Broady recounted his experiences with domestic violence as he shared an update about the county’s new center for victims of domestic violence at a meeting of the South Cobb Area Council of the Cobb Chamber of Commerce this week.
His remarks echoed those he made last month in his successful bid to win funding for the building from the Board of Commissioners, talking about defending his mother from his father with a baseball bat, and learning along the way what it means to be a loving, caring spouse.
Janet Paulsen, a member of the Georgia Commission on Family Violence and herself a survivor of domestic violence, was in attendance at the meeting. Broady featured her story as an example of why the center is necessary.
In 2015, Paulsen’s husband shot her six times after she told him she wanted a divorce, leaving her wheelchair-bound.
“One of the main reasons that this is so important is that it’s going to give victims a roadmap of what you need to do next, because I had no clue what I was doing,” Paulsen said. ” … Even though we thought we had, my parents and I, a good plan, he still shot me. So I don’t want that to happen to anyone else.”
Located at 277 Fairground Street in Marietta, the center is intended to serve as a one-stop-shop of services for victims of sexual assault, child abuse, elder and dependent adult abuse, human trafficking and stalking.
Kim McCoy, director of the DA’s victim witness unit, said the movement for justice centers, as family advocacy centers are also known, grew out of the fight against domestic violence. However, they have expanded to offer services to more than just victims of domestic abuse.

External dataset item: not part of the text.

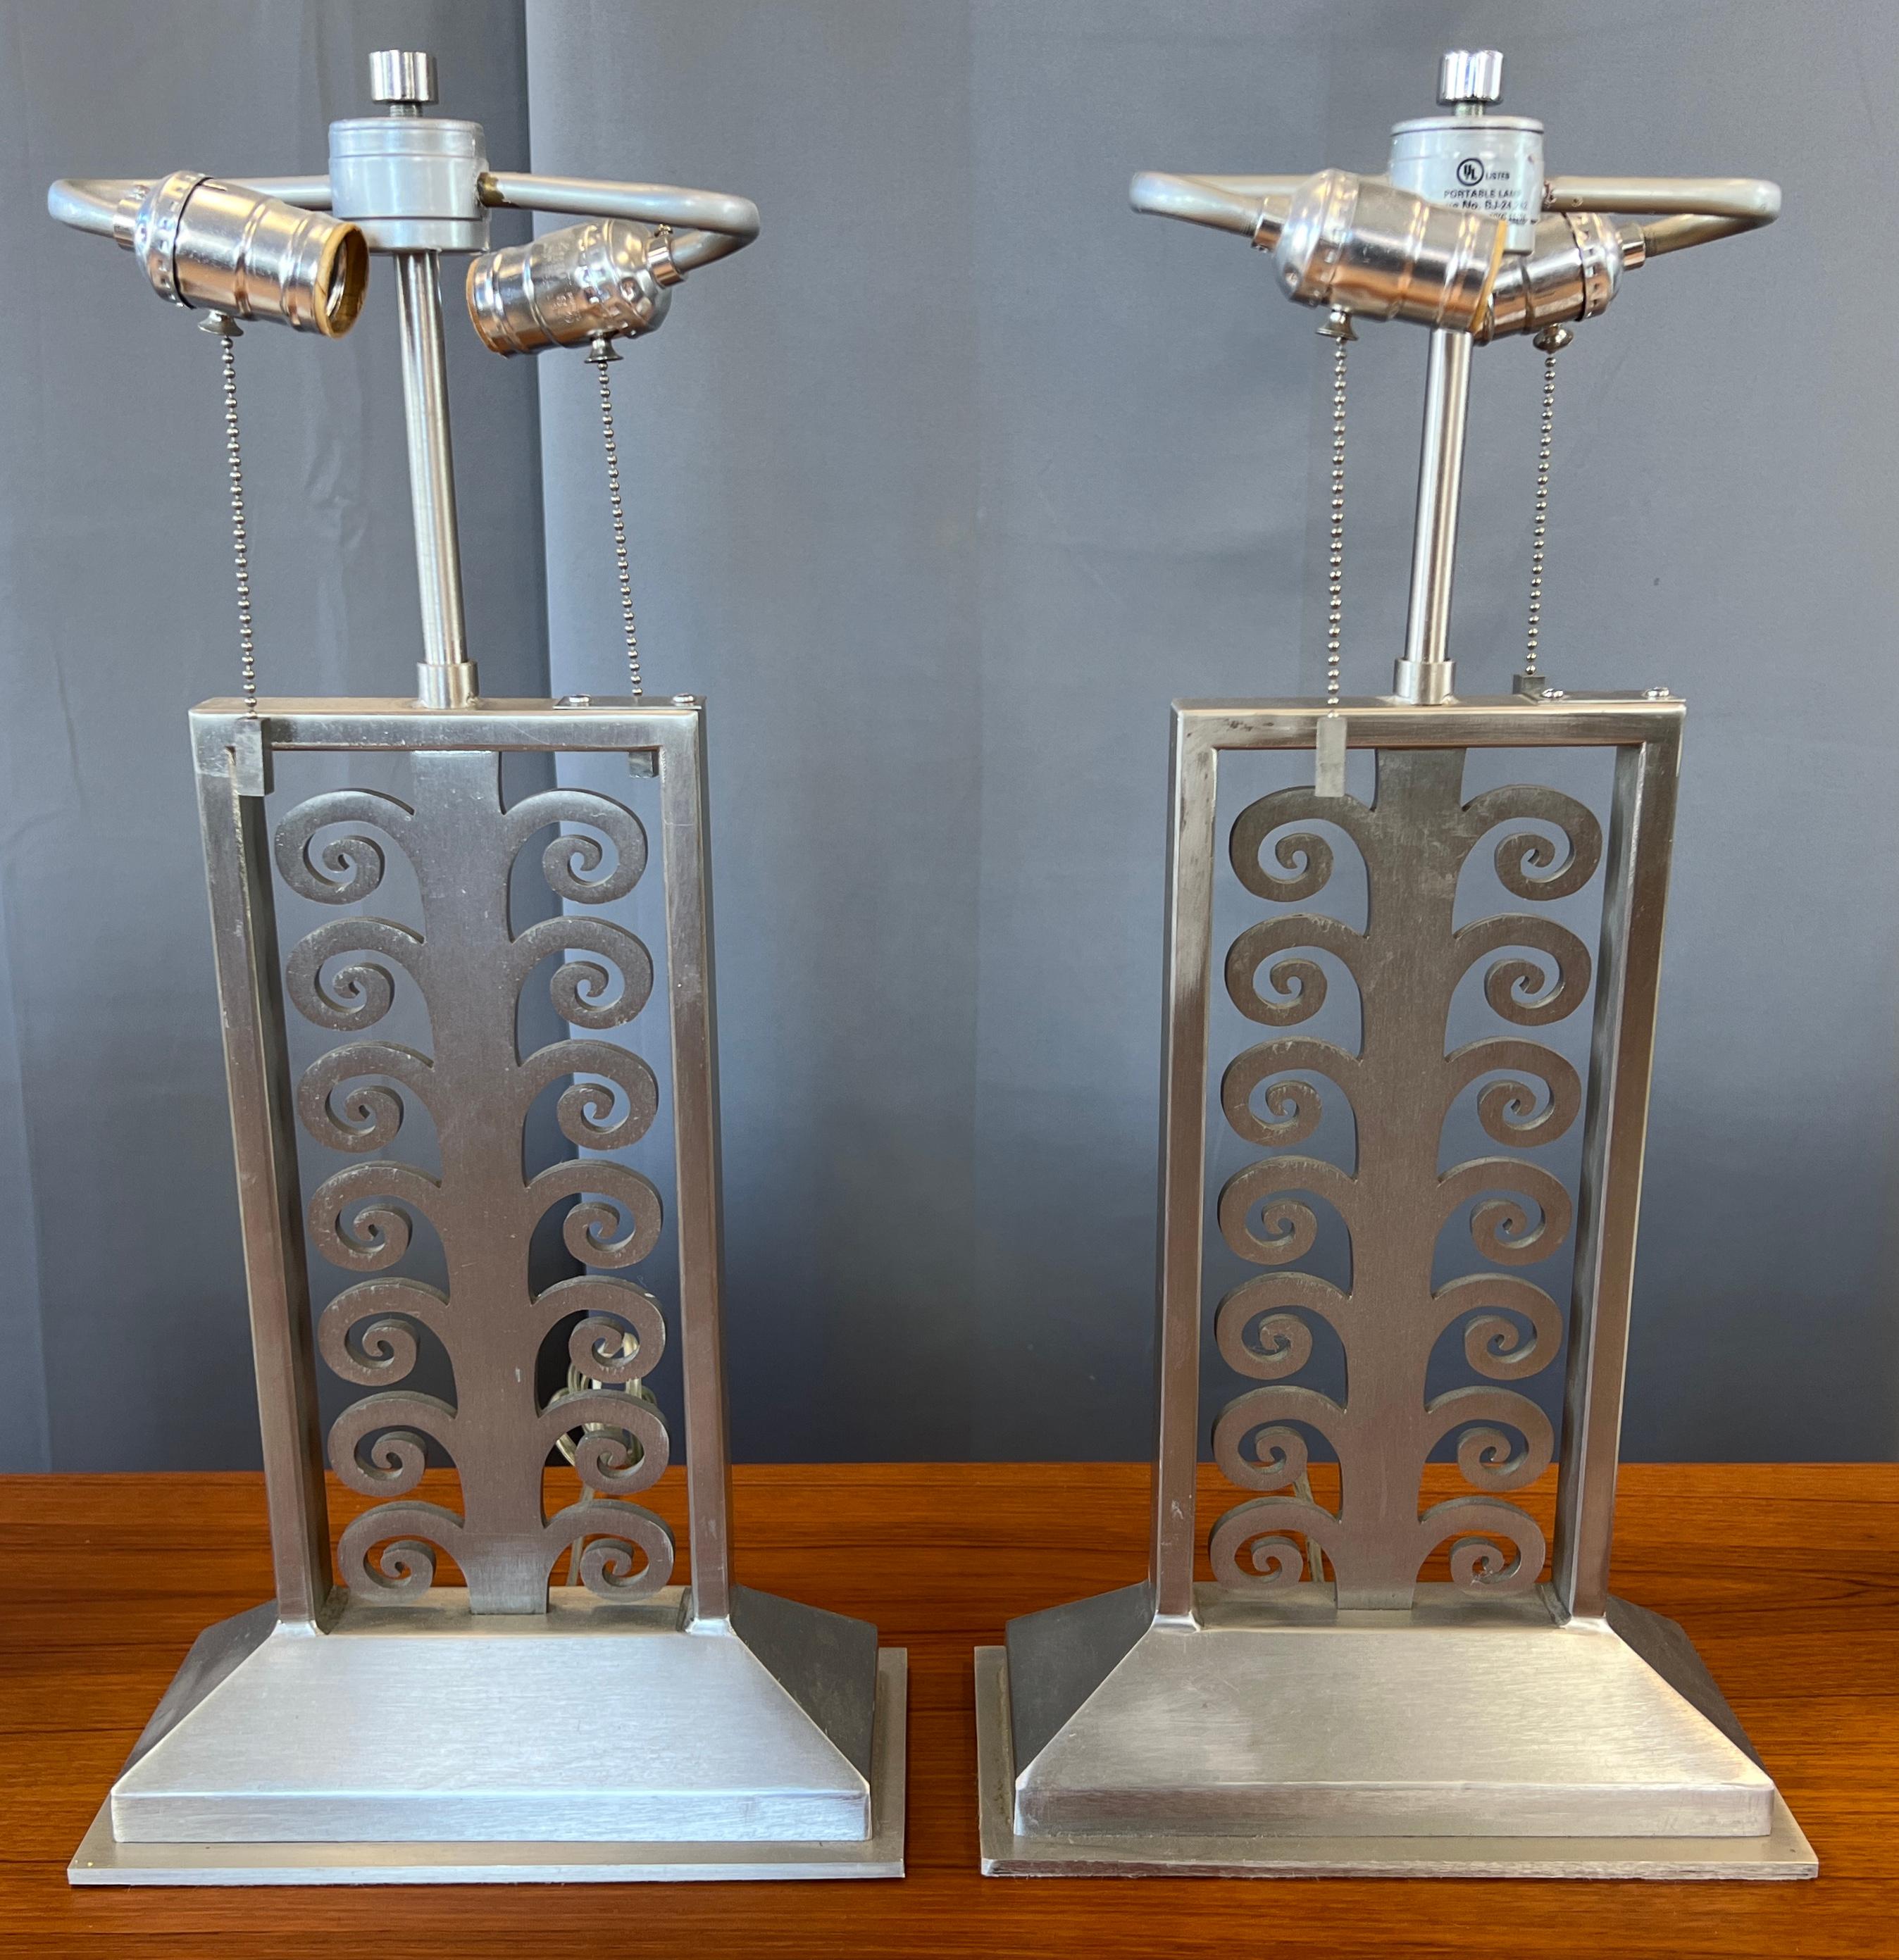 Fin du 20e siècle Paire de lampes de bureau Sirmos en acier inoxydable brossé

The idea for a center in Cobb originated in the late 1990s, when McCoy and other county officials visited one in San Diego and decided to bring the concept to Georgia.
She and others had to ruminate on that idea for two decades.
“We just didn’t have the resources, it just wasn’t our time,” McCoy said.
Broady credited McCoy with bringing the idea of the center to Cobb, and he also credited his predecessor, former District Attorney Joyette Holmes, with securing $400,000 in grants from the state in 2019 to get the idea off the ground.
It was a slog to get further funding from the commission— Broady initially requested $1.4 million in January, though he was ultimately able to secure just a third of that last month to get the center up and running.
Even so, Broady and his staff celebrated the building’s dedication in December, and the center is now on track to open this summer.
At that dedication, Broady told the MDJ his office was at work setting up a 501(c)(3) nonprofit for community members and businesses to support the center. AikWah Leow, spokesperson for the DA’s office, said the application for the nonprofit is in the works.
For McCoy, it’s special to see a center 25 years in the making come to fruition.
“It’s indescribable,” McCoy said. “It is such a need for victims of crime … It is going to be a gamechanger for victims.”